C R C Newlinds SC and B Koch (Plaintiff)
C D Freeman (Defendants)
Solicitors:

Alfred J Morgan & Son (Plaintiff)
Streeterlaw (Defendants)
File Number(s):2011/325415

Judgment

  1. HIS HONOUR: The plaintiff, Alexander Greig Justice (Mr Justice) holds a one-half share in a property known as 149 Wirreanda Road, Ingleside, which is Lot 149 in Deposited Plan No 752046 (the Property) as tenant in common with Anna Pedersen Wright and Graham Charles Wright (the Wrights) who hold the other one-half share between themselves as joint tenants.

  1. Mr Justice was prior to 26 October 2007 sole registered proprietor of the property, which has an area of about 8 acres. In 2007 Mr Justice agreed to sell to the Wrights a one-half interest in the property. In anticipation of this sale the parties entered into a Deed of Agreement and Indemnity dated 26 October 2007 to regulate rights as between themselves and to set out a procedure to be adopted if one party wished to sell that party's interest.
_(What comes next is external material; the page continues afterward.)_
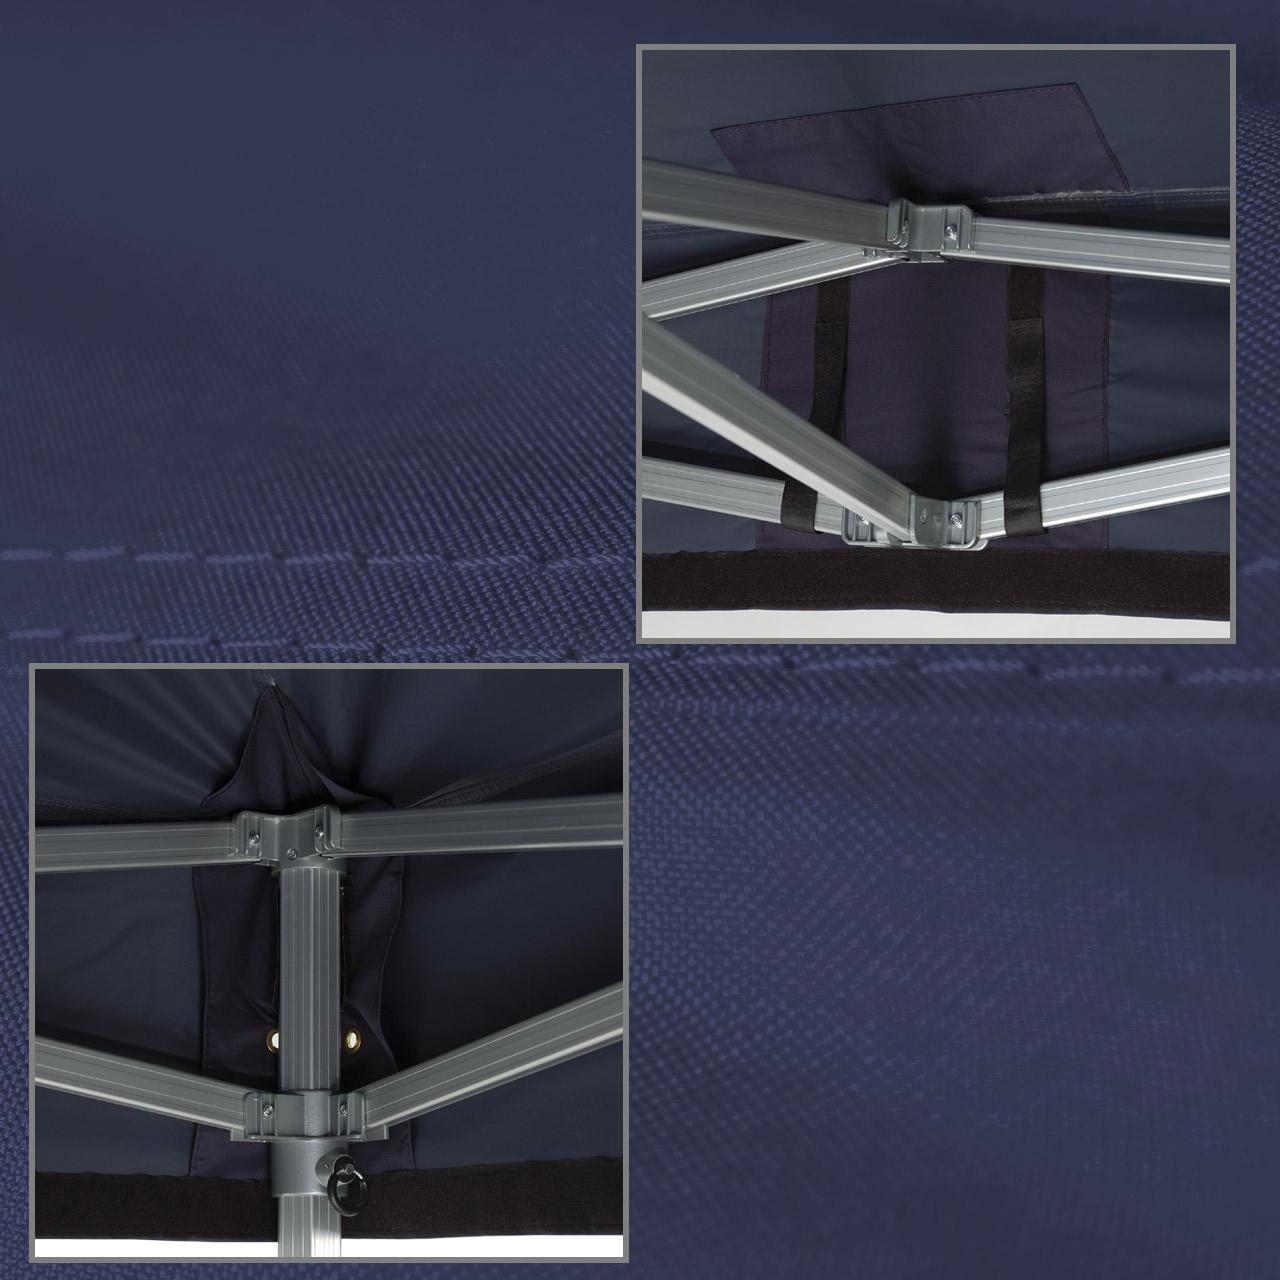 Faltpavillon-3x4-5-blau-Plane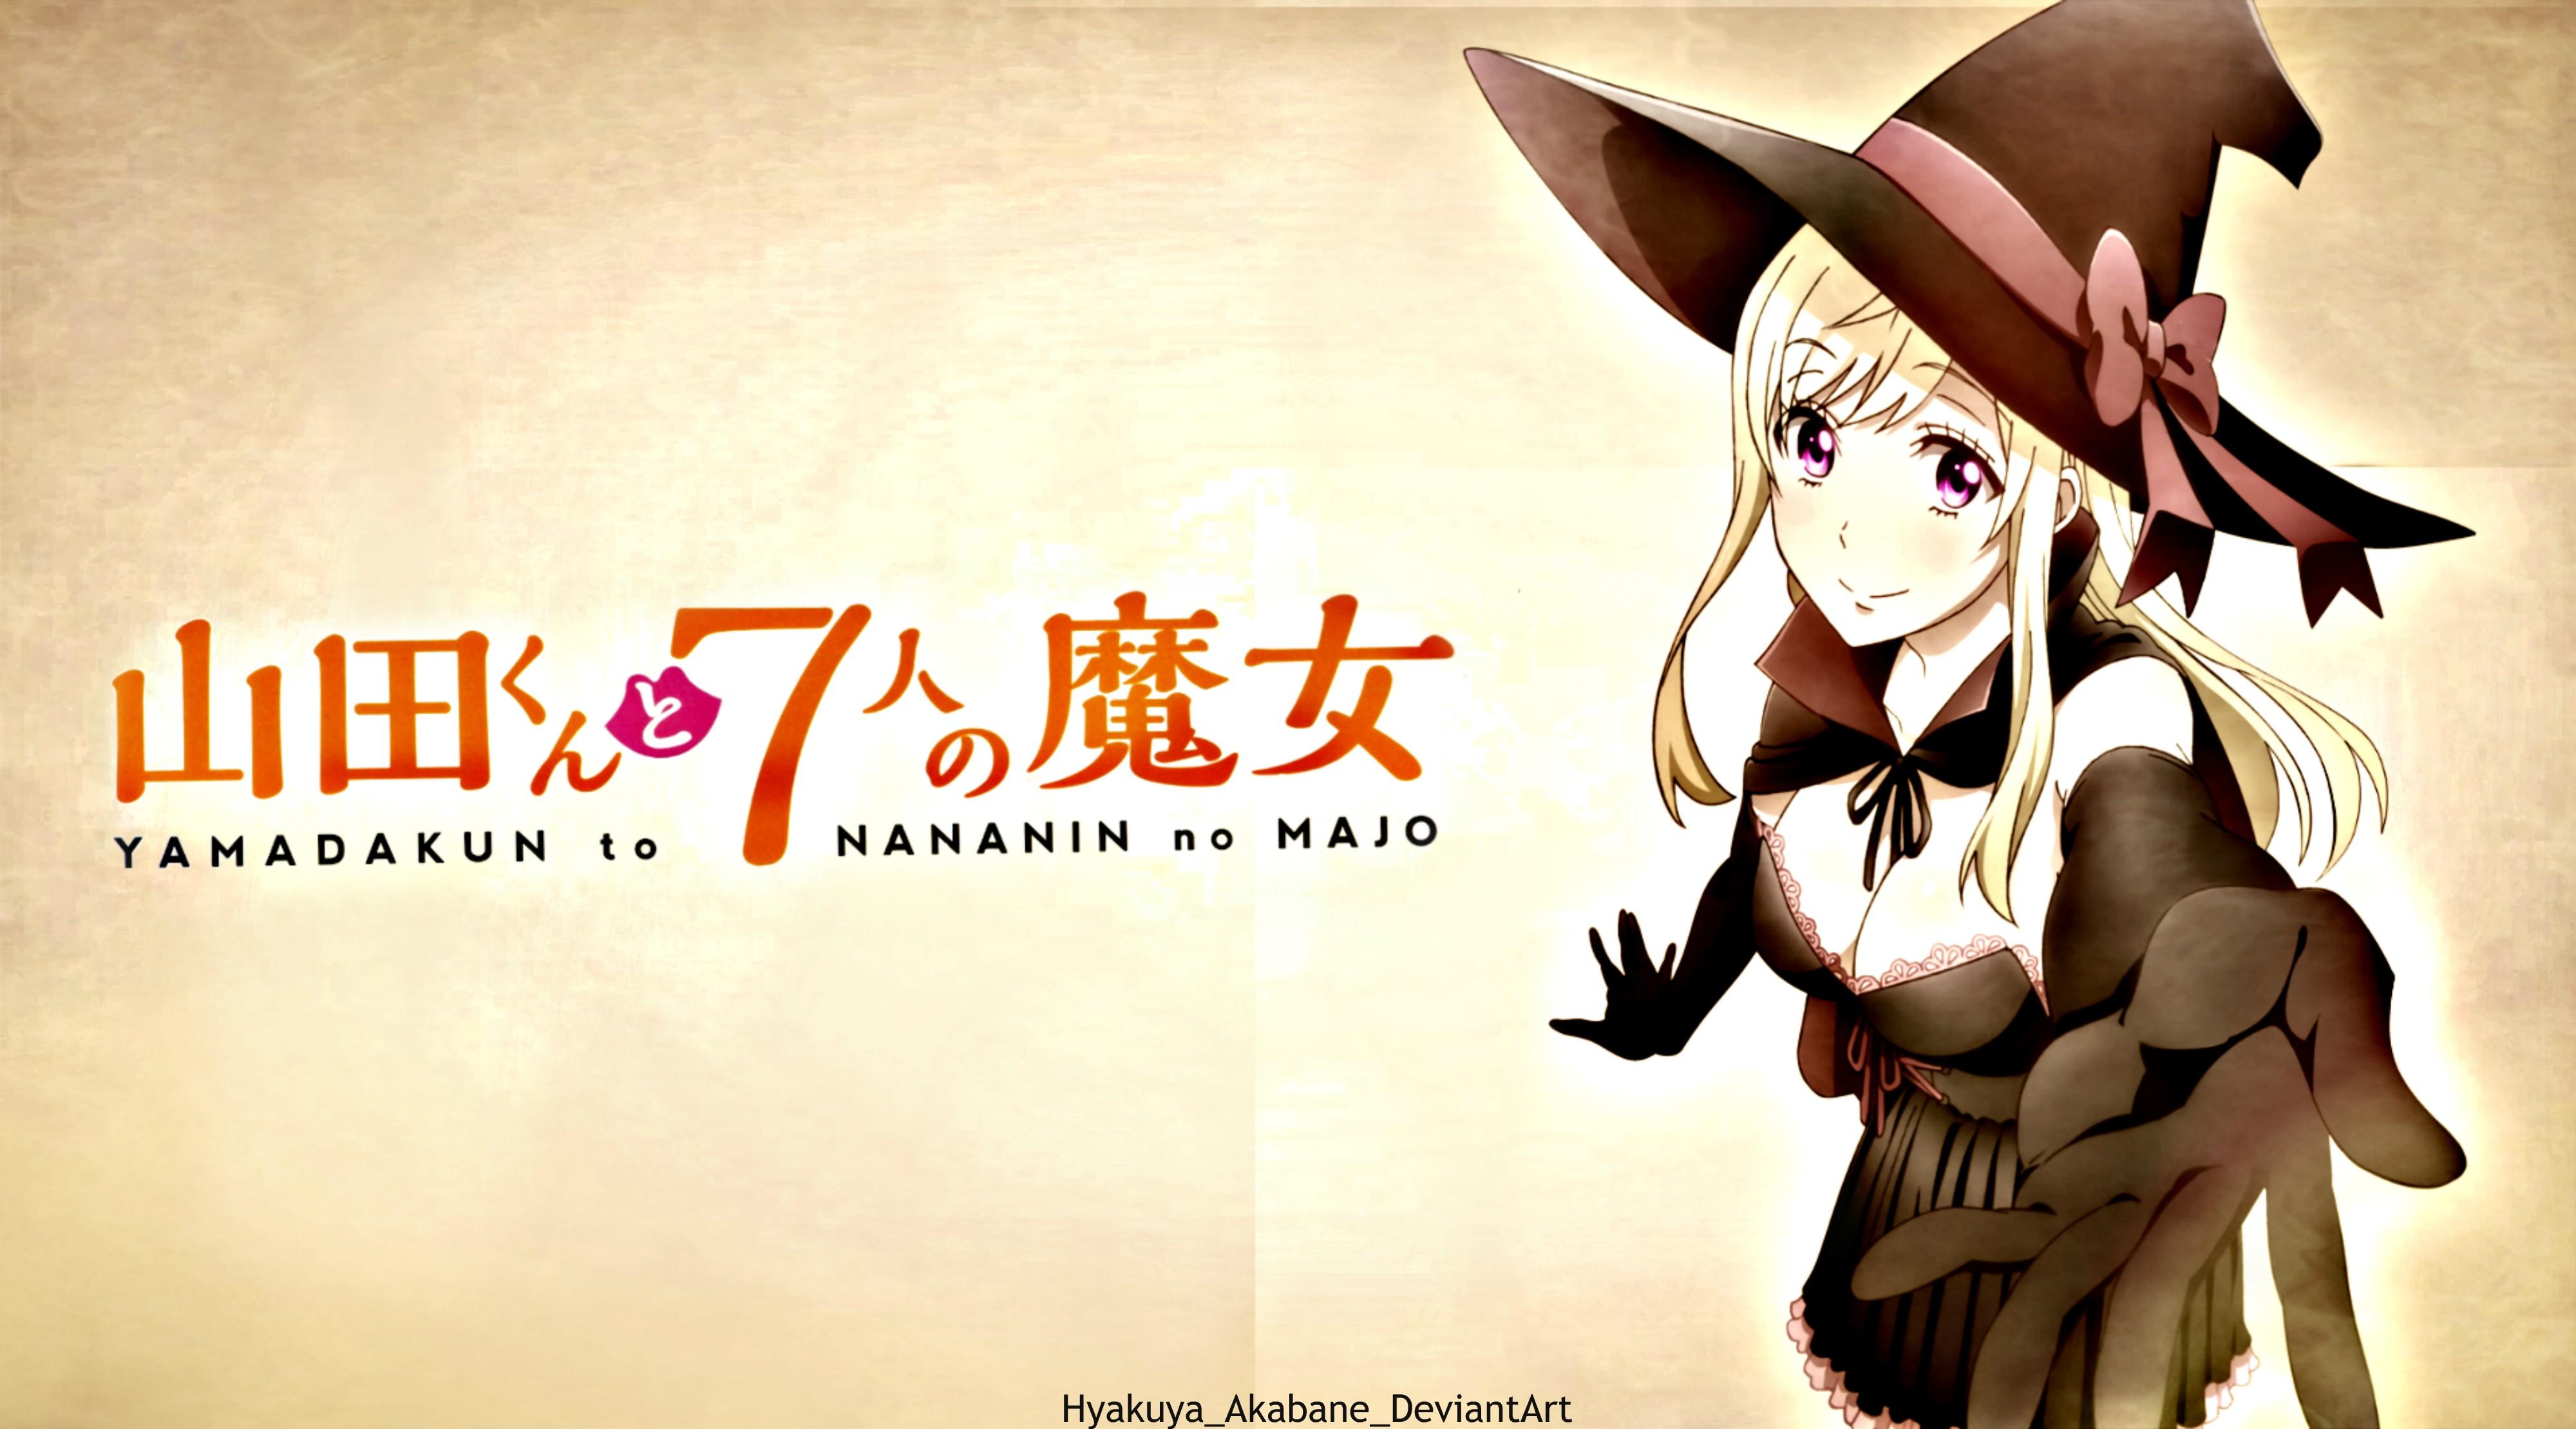 Yamada Kun To 7 Nin No Majo Anime Girls Shiraishi Urara Hd

  1. The clauses of the agreement relevant to the present dispute are the following:

"1.7 If the other party wishes to exercise their right to purchase the other half share of the property it shall be on the following terms and conditions:
(a) The proprietor wishing to exercise the right to purchase shall provide written notice to the other party of their intention to purchase the half share of the property within 28 days of the date of the written offer being made by the selling party.
(b) The price of the half share to be sold shall be determined by a valuation obtained from a licensed valuer. The party wishing to sell must obtain before the commencement of the 28 days an independent valuable (agreeable to the other party) or in the absence of agreement, a valuation from a valuer nominated by the President of the Real Estate Institute of New south Wales. The cost of the valuation is to be borne equally by the parties.
(c) The completion period for the sale shall be 90 days from the date on which the purchaser gives written notice of their intention to exercise their right to purchase.
1.8 If the other party does not wish to purchase then the whole of the property shall be placed on the market for sale with a real estate agent to be agreed between the parties. If the parties cannot agree on a real estate agent then the agent shall be appointed by the President for the time being of the Real Estate Institute of NSW."
  1. It can readily be seen that the agreement is not perfect because the clauses set out are clearly intended to operate if one tenant in common wishes to sell, but the deed contains no such express term. Nevertheless, it is clear what was intended, and Mr Justice and the Wrights have proceeded on the basis that when one or the other wishes to sell the clauses will take effect.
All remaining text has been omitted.